After the final layer of pruning decision is completed, the accuracy and the performance parameters (delay or energy consumption) of the hardware are evaluated on the ReRAM neural network accelerator by adopting a verification set, the value of the reward function is calculated and returned to the critic of the evaluation module.
The accuracy of the calculation is similar to the fine-tuned accuracy, so that the accuracy of the reward function can be evaluated without fine tuning for quick search.
The value of the reward function is passedReward1 and/orReward2, updating:
Reward1=-Error×log(Energy)
Reward2=-Error×log(Latency)
wherein the content of the first and second substances,Error=1-accuracyaccuracyin order to be a measure of the accuracy of the model,Energyfor the power consumption performance of the ReRAM neural network accelerator,Latencyis the delay performance of the ReRAM neural network accelerator.
When support for energy is very limited in some IoT devices and the user's demand for delay is not very urgent (i.e., the user places more emphasis on "energy" performance in pruning mappings), post-pruning accuracy and "energy" performance mapped on ReRAM neural network accelerator hardware may be considered in the reward function. While in some IoT devices the support for energy is somewhat sufficient and the user's demand for latency is large (i.e., the user places more emphasis on "latency" performance in the pruning mapping), the post-pruning accuracy and "latency" performance mapped on the ReRAM neural network accelerator hardware may be considered in the reward function. Therefore, the method can design the pruning scheme and the mapping frame more efficiently and accurately according to different hardware and user requirements.

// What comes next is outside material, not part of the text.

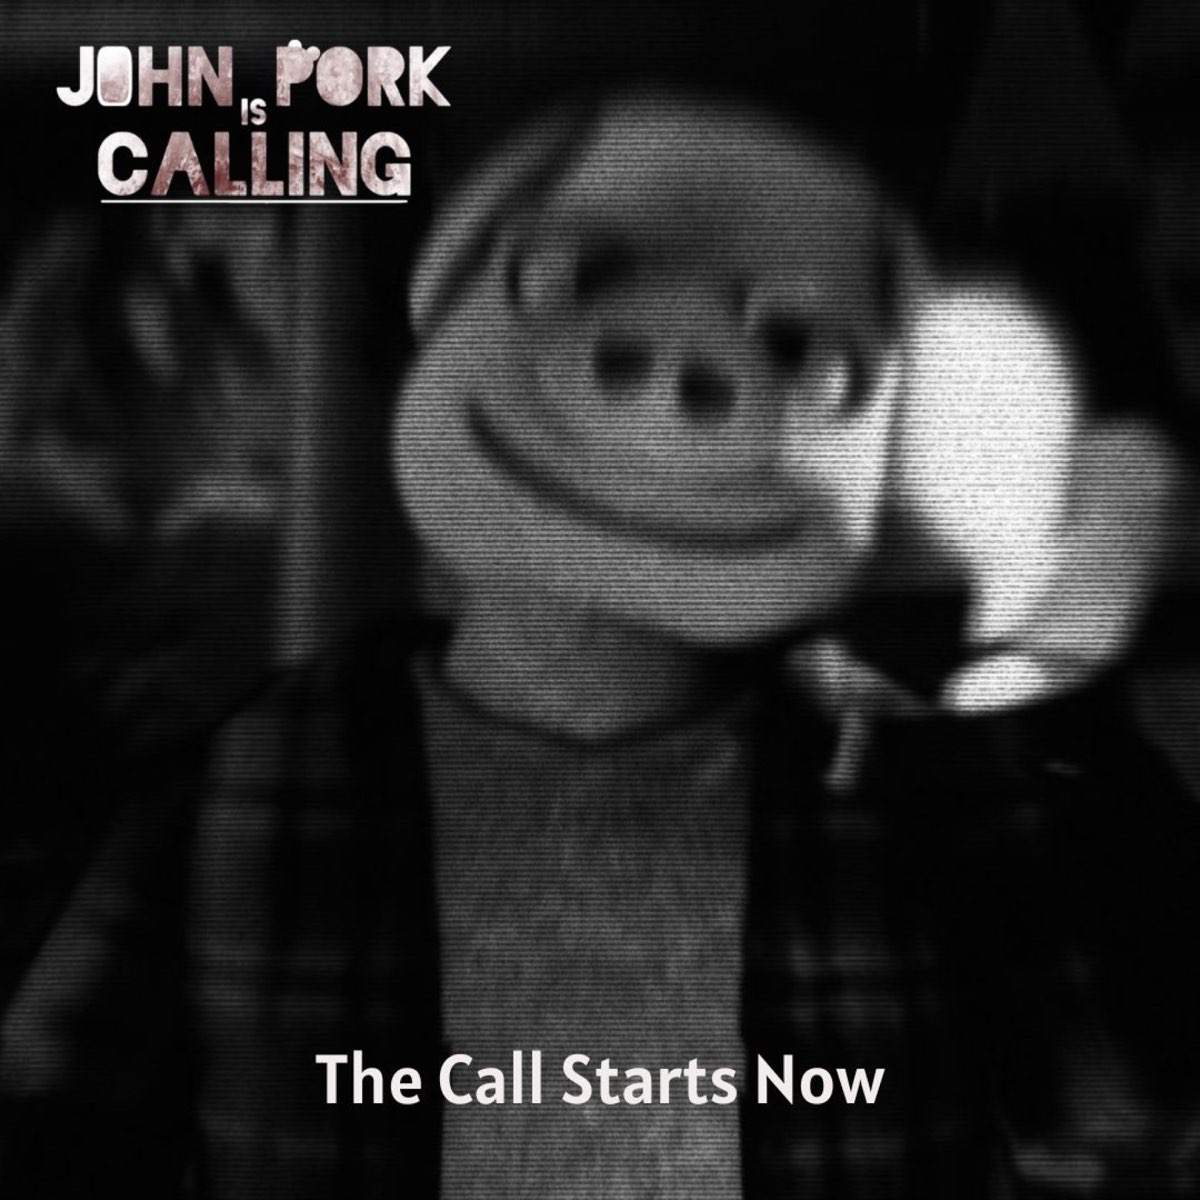 John Pork is calling horror moments 5 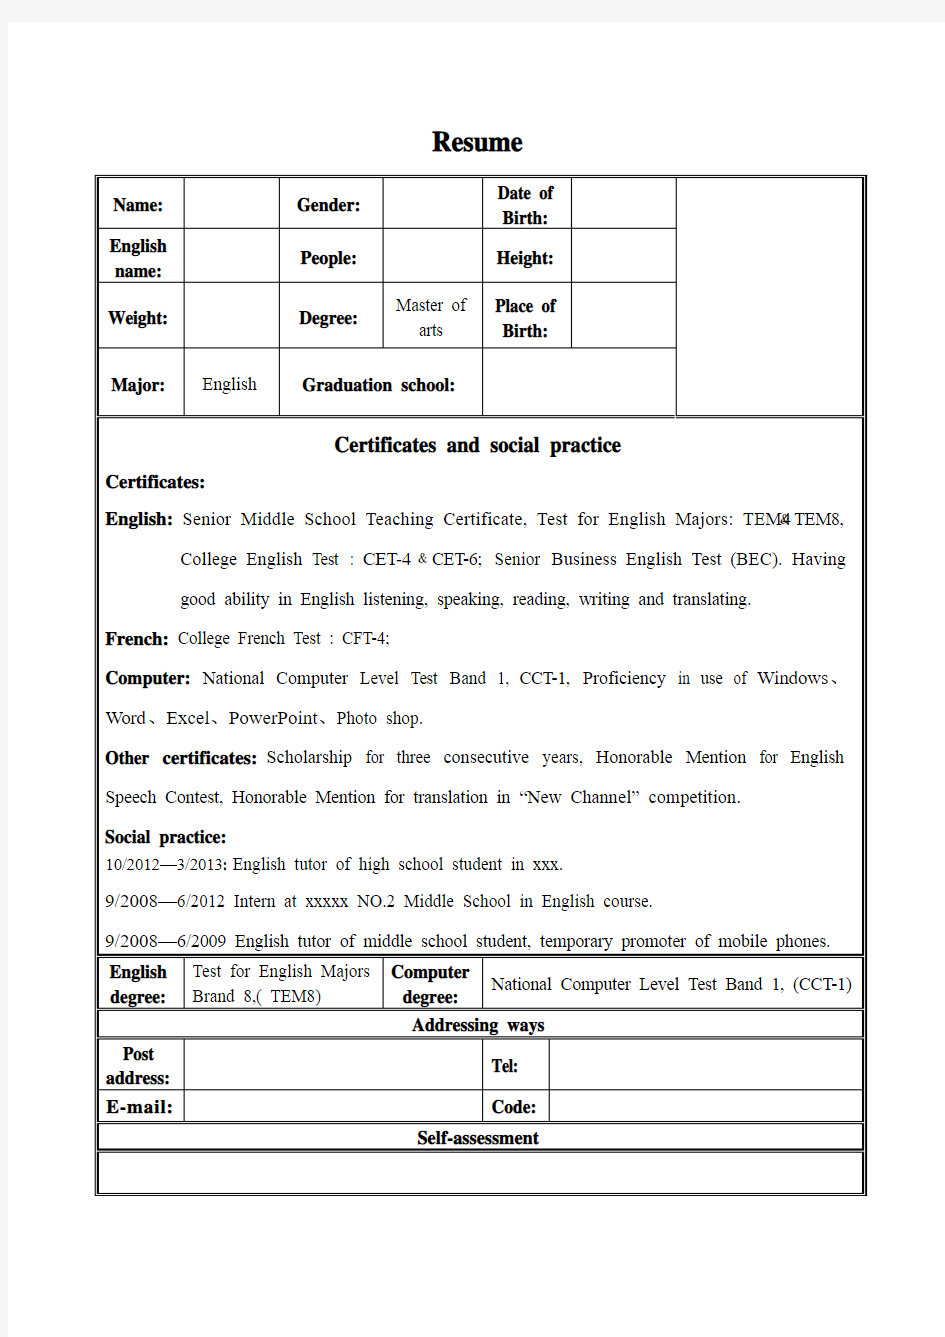 英文简历模板(包括相应实习经验及所获证书)

In addition, the configuration of the ReRAM neural network accelerator can be adjusted, hardware perception is achieved, and a pruning scheme and a mapping framework under the optimal configuration and user requirements are obtained.
The invention is further illustrated below with reference to specific examples, in which the following experiments are carried out:
experimental configuration:
(1) operating the system: ubuntu 18.04.3 LTS;
(2) a CPU: model number 8-core Intel (R) Xeon (R) Gold 6126 CPU @ 2.60GHz, equipped with 32GB DRAM;
(3) GPU: tesla V10032 GB video memory;
(4) a storage device: 512GB, SK hynix SC311 SATA SSD; western Digital WDC WD40EZRZ-75G HDD;
configuring a neural network model:
(1) a neural network model: CIFAR10, Plain20 and VGG-16, and the structures of the CIFAR10, the Plain20 and the VGG-16 are shown in Table 1.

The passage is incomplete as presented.